** TASK REQUIREMENTS **
Go through the entries below and print, exactly, the lines starting at the one with "photo Wallpaper of" and ending at the one with "Mickey 19219: Disney", keeping both ends and no others.

** DATASET **
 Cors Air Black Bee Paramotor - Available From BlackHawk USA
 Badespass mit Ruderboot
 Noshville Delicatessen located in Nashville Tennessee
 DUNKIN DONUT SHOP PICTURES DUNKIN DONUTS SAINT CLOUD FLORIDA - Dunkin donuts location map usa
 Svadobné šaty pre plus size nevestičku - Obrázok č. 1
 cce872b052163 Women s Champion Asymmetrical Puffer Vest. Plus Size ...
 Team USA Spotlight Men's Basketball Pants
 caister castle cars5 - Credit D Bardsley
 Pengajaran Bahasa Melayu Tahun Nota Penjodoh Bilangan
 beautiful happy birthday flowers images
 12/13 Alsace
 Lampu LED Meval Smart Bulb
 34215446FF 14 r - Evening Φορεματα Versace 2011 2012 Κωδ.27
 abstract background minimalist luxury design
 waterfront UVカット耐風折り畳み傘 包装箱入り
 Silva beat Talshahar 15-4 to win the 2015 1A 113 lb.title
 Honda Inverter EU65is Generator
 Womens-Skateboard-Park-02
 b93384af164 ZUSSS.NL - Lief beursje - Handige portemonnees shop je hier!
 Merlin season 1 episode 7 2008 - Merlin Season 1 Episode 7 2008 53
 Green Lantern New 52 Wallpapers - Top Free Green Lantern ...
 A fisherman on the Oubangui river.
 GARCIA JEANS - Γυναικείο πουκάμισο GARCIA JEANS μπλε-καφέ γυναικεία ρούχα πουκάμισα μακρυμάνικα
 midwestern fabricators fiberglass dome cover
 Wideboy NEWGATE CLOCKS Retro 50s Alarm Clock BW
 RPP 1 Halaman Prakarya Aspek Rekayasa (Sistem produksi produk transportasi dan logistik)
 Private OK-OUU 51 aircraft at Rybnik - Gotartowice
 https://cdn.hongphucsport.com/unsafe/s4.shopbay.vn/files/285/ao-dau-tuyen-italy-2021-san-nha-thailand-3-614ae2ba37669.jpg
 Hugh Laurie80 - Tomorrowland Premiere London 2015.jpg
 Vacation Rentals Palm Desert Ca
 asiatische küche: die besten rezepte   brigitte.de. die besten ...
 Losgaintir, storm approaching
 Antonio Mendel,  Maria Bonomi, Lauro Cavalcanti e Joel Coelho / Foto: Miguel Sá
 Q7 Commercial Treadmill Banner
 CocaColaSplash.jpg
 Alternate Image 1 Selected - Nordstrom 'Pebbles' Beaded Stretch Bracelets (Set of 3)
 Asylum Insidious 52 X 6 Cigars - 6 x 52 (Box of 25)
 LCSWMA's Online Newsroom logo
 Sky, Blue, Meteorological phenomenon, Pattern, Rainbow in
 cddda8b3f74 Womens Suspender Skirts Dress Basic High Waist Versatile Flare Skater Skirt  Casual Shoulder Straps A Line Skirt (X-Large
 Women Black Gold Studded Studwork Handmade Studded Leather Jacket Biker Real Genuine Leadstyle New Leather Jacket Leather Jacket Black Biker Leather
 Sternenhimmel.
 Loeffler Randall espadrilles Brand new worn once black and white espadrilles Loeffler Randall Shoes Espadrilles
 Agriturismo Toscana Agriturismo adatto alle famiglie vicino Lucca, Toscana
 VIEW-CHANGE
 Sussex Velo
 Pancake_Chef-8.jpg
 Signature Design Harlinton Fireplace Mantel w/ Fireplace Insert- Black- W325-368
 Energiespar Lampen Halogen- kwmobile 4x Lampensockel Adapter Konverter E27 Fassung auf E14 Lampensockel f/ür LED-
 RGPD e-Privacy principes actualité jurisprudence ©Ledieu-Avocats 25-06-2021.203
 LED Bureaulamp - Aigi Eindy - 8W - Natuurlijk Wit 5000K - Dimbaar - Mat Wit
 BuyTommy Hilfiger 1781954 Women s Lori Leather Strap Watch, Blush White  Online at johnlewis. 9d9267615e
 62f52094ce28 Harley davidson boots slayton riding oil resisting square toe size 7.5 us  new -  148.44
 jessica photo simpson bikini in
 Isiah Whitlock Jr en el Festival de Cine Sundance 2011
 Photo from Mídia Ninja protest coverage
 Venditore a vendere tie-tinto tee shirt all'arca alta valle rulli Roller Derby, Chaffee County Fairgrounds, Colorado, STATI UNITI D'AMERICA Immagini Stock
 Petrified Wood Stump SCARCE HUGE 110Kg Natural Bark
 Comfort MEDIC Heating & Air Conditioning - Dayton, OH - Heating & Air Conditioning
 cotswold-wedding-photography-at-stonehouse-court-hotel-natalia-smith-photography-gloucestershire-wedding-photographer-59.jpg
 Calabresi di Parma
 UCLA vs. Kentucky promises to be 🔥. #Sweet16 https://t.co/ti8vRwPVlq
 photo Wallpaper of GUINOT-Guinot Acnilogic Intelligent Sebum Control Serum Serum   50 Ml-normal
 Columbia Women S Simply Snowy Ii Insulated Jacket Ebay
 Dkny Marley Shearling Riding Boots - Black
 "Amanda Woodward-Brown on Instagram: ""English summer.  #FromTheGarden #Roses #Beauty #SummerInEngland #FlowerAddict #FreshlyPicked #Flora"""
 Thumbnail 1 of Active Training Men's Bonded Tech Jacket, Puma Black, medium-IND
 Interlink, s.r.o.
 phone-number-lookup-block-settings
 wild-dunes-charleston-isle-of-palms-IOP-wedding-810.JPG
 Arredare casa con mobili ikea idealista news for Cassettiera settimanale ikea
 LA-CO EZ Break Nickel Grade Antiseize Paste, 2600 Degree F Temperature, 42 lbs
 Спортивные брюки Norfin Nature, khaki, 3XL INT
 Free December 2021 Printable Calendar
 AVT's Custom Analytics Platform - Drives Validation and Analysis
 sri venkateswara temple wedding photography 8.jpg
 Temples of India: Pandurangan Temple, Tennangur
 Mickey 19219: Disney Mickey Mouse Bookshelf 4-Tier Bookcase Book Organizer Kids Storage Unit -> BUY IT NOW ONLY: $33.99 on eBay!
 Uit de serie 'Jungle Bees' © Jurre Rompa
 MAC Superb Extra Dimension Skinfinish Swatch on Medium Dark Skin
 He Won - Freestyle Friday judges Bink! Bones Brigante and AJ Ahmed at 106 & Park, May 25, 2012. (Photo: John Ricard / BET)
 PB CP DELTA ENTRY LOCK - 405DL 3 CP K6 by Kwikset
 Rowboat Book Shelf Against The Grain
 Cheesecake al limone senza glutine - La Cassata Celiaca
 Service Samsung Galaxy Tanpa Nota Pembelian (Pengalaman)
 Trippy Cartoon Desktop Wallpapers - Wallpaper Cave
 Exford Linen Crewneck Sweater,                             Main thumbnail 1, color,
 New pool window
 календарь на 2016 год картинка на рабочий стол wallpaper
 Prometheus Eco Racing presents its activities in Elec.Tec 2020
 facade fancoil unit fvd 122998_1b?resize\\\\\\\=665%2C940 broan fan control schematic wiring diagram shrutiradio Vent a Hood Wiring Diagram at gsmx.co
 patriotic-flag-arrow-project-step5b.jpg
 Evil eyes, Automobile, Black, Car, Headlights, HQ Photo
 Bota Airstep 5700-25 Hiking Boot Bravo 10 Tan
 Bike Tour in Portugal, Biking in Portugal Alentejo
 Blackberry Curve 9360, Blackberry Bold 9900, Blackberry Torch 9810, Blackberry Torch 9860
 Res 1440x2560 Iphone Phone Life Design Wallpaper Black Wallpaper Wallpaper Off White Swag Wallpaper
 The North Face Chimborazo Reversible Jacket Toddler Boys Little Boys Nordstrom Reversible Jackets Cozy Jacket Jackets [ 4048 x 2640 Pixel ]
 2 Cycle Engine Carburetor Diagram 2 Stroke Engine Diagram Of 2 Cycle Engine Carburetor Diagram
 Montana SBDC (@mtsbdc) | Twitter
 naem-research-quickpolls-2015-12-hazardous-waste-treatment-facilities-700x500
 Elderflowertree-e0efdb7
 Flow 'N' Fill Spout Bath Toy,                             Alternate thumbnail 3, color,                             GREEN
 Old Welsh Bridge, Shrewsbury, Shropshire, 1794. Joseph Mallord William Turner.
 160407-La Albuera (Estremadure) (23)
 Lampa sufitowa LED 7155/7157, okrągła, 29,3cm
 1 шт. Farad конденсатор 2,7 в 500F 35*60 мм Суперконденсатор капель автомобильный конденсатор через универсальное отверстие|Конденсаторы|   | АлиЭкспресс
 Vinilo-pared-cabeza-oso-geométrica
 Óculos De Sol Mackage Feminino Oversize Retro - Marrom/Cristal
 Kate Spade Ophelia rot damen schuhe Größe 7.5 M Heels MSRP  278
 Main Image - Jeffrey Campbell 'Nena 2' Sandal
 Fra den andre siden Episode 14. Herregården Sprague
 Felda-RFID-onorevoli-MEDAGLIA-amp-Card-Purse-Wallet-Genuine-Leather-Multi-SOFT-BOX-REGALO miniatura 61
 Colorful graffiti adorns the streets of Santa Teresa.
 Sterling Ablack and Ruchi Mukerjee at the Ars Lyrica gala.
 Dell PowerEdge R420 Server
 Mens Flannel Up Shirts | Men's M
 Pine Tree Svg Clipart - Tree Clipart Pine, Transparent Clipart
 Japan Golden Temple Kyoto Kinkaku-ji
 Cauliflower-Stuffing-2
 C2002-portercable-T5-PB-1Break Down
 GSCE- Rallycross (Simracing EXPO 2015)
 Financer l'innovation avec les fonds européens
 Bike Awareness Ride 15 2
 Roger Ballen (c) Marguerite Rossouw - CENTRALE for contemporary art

** RESPONSE AREA **
 photo Wallpaper of GUINOT-Guinot Acnilogic Intelligent Sebum Control Serum Serum   50 Ml-normal
 Columbia Women S Simply Snowy Ii Insulated Jacket Ebay
 Dkny Marley Shearling Riding Boots - Black
 "Amanda Woodward-Brown on Instagram: ""English summer.  #FromTheGarden #Roses #Beauty #SummerInEngland #FlowerAddict #FreshlyPicked #Flora"""
 Thumbnail 1 of Active Training Men's Bonded Tech Jacket, Puma Black, medium-IND
 Interlink, s.r.o.
 phone-number-lookup-block-settings
 wild-dunes-charleston-isle-of-palms-IOP-wedding-810.JPG
 Arredare casa con mobili ikea idealista news for Cassettiera settimanale ikea
 LA-CO EZ Break Nickel Grade Antiseize Paste, 2600 Degree F Temperature, 42 lbs
 Спортивные брюки Norfin Nature, khaki, 3XL INT
 Free December 2021 Printable Calendar
 AVT's Custom Analytics Platform - Drives Validation and Analysis
 sri venkateswara temple wedding photography 8.jpg
 Temples of India: Pandurangan Temple, Tennangur
 Mickey 19219: Disney Mickey Mouse Bookshelf 4-Tier Bookcase Book Organizer Kids Storage Unit -> BUY IT NOW ONLY: $33.99 on eBay!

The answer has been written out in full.